In Bus und Bahn mit Handyticket Digitale Tickets boomen, ihre Kontrolle ist aber aufwendig

Von Uwe Roth
Digitale Tickets für Bus und Bahn werden immer beliebter.⇥ Foto: Helmut Pangerl

Immer mehr Menschen kaufen Bus- und Bahn-Fahrscheine mit dem Handy. Bei der Kontrolle sind Busfahrer allein oft überfordert. Eine einheitliche Lösung fehlt.

Jeder vierte VVS-Kunde kauft seinen Einzel- oder Tagesfahrschein inzwischen elektronisch und lädt diesen aufs Smartphone. Bei den Wochen- und Monatskarten sind es etwa zehn Prozent. „Der Anteil steigt kontinuierlich an“, teilt eine Sprecherin des Verkehrsverbunds Stuttgart (VVS) in Stuttgart mit. Mit dem E-Ticketverkauf spart der VVS Verwaltungskosten. Doch die Kontrolle ist aufwendig und teuer, weil jeder Prüfer und Bus im Verbundnetz einen Scanner braucht, um das Ticket lesen zu können. Andererseits geht es um viel Geld: Den Schaden wegen Schwarzfahrens schätzt der VVS auf etwa 15 Millionen Euro im vergangenen Jahr.

Ob ein Fahrgast auf seinem Display tatsächlich ein korrekt bezahltes Ticket zeigt, wird regelmäßig in der S-Bahn geprüft. In den Bussen sind dafür die Fahrer zuständig. „Fahrscheine sollten grundsätzlich geprüft werden“, lautet die Vorgabe des Verkehrsverbunds.
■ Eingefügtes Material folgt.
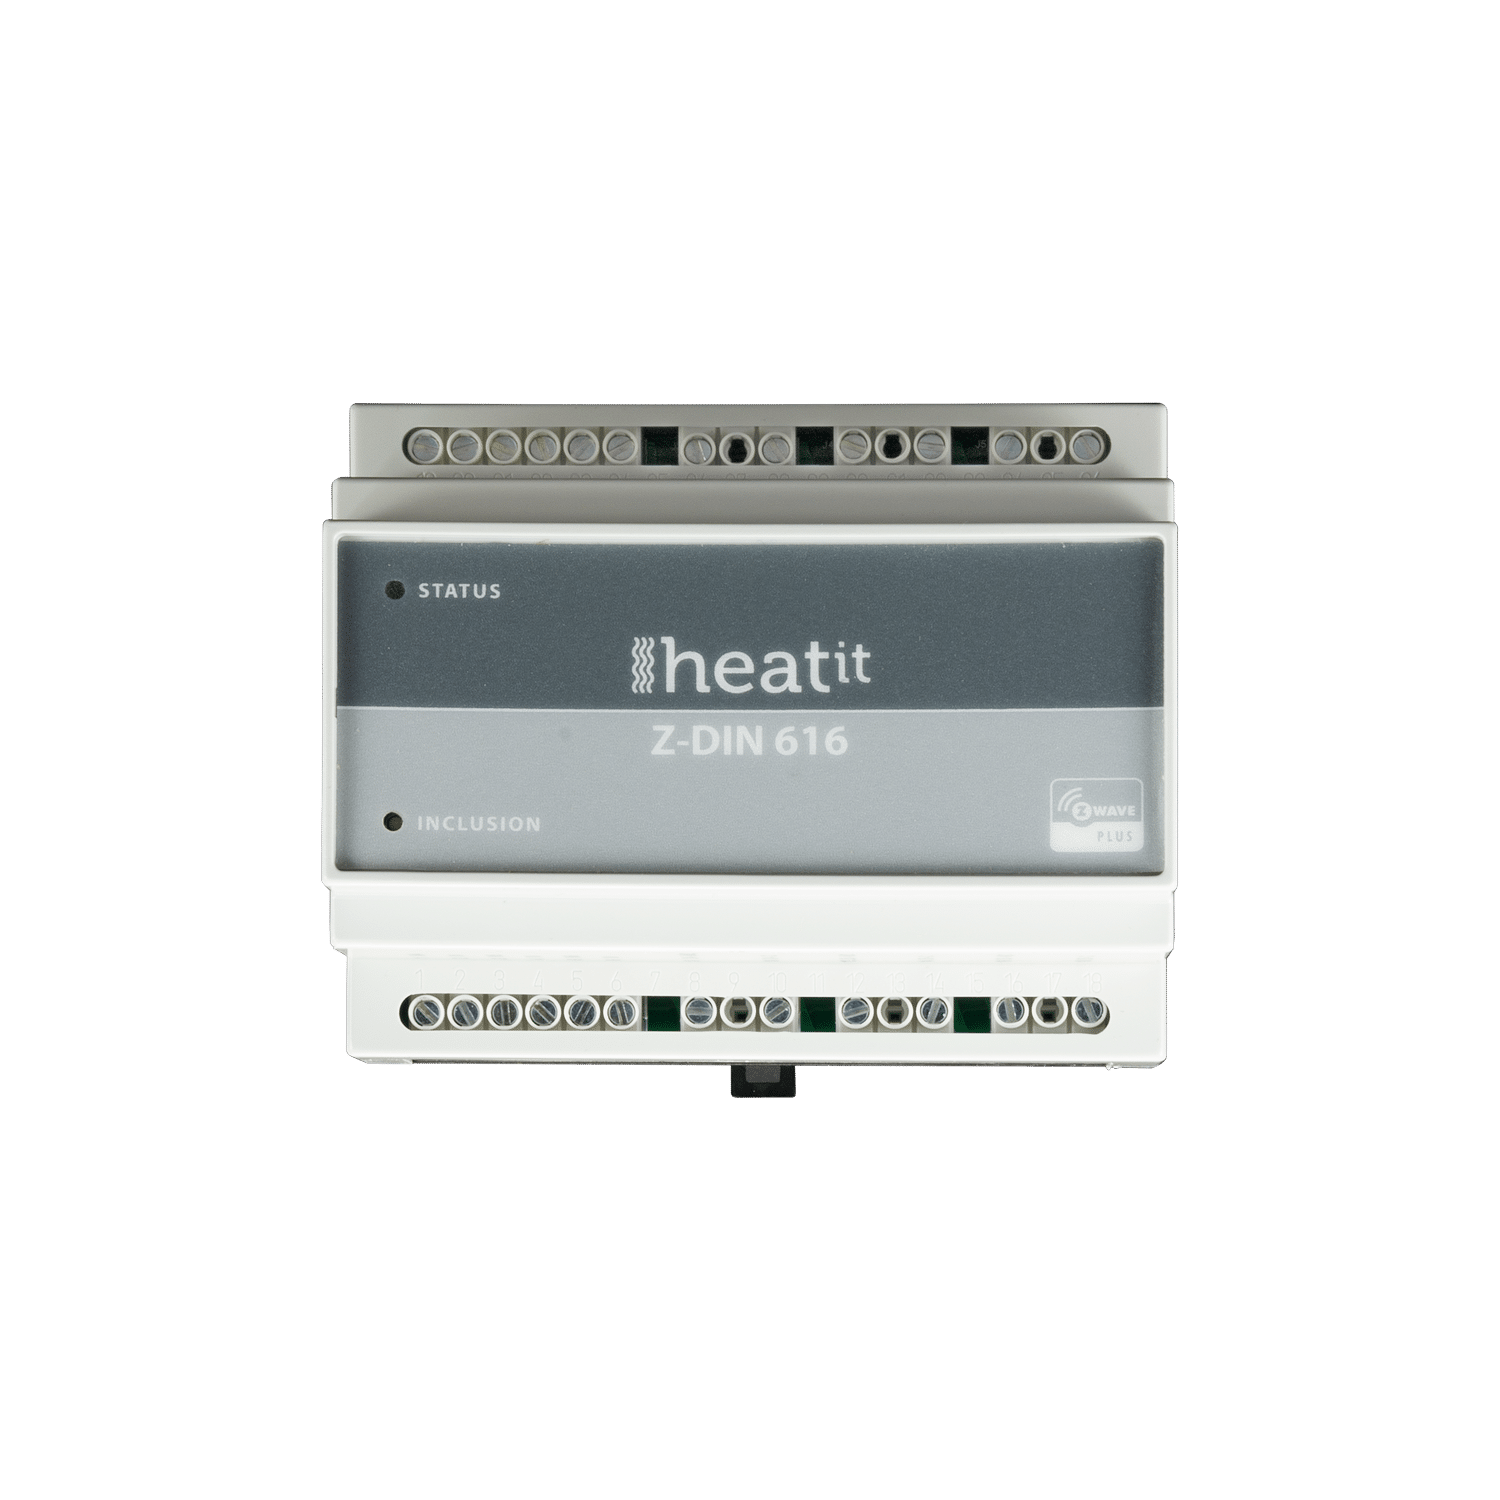 Heatit Z-DIN 616

Doch für die Busfahrer bedeutet es, den QR-Code zu scannen, eine zusätzliche Aufgabe neben viele weiterer: Schließlich müssen sie nach wie vor Fahrscheine bar verkaufen und einen Blick auf die Papierfahrscheine werfen, die die Einsteigenden vorzeigen, und darauf achten, dass niemand hinten einsteigt. Dazu kommen Tickets auf der polygo-Card und Eintrittskarten zu Veranstaltungen, die gleichzeitig VVS-Ticket sind.

Fahrgast soll Ticket beim Einstieg bereit halten

Die Regeln des VVS, der zusätzlich eigene Kontrolleure in die Linienbusse schickt, sind eindeutig: „In allen Bussen im VVS gilt einheitlich der Einstieg an der vorderen Tür.“ Das ist der Anspruch. Doch die Wirklichkeit sieht anders aus. Das weiß der VVS. „Bei der Prüfung des Tickets kommt es auf die Situation an“, heißt es von dort. Bei Verspätungen und starkem Andrang an Knotenpunkten dürfe das Fahrpersonal darauf verzichten und die hintere Türe zum Einstieg offen lassen. Unter Zeitdruck stehen die Busfahrer tagsüber fast immer. Die Straßen sind voller geworden und die Taktzeiten dichter. Folge: Fahrgäste werden von den Busfahrern oftmals durchgewunken, um Abfahrtzeiten einzuhalten.

Spillmann-Geschäftsführer Bülent Menekse bestätigt, dass es in Hauptverkehrszeiten im Netz von Bietigheim-Bissingen solche Ausnahmen gibt. Der Fahrgast habe aber „grundsätzlich davon auszugehen, dass der Fahrer prüfen möchte, ob er ein gültiges Ticket besitzt.“ Idealerweise solle der Fahrgast das Ticket bereithalten und „nicht erst mit der Suche in der Tasche oder im Rucksack anfangen, wenn man vom Fahrer darauf angesprochen wird“.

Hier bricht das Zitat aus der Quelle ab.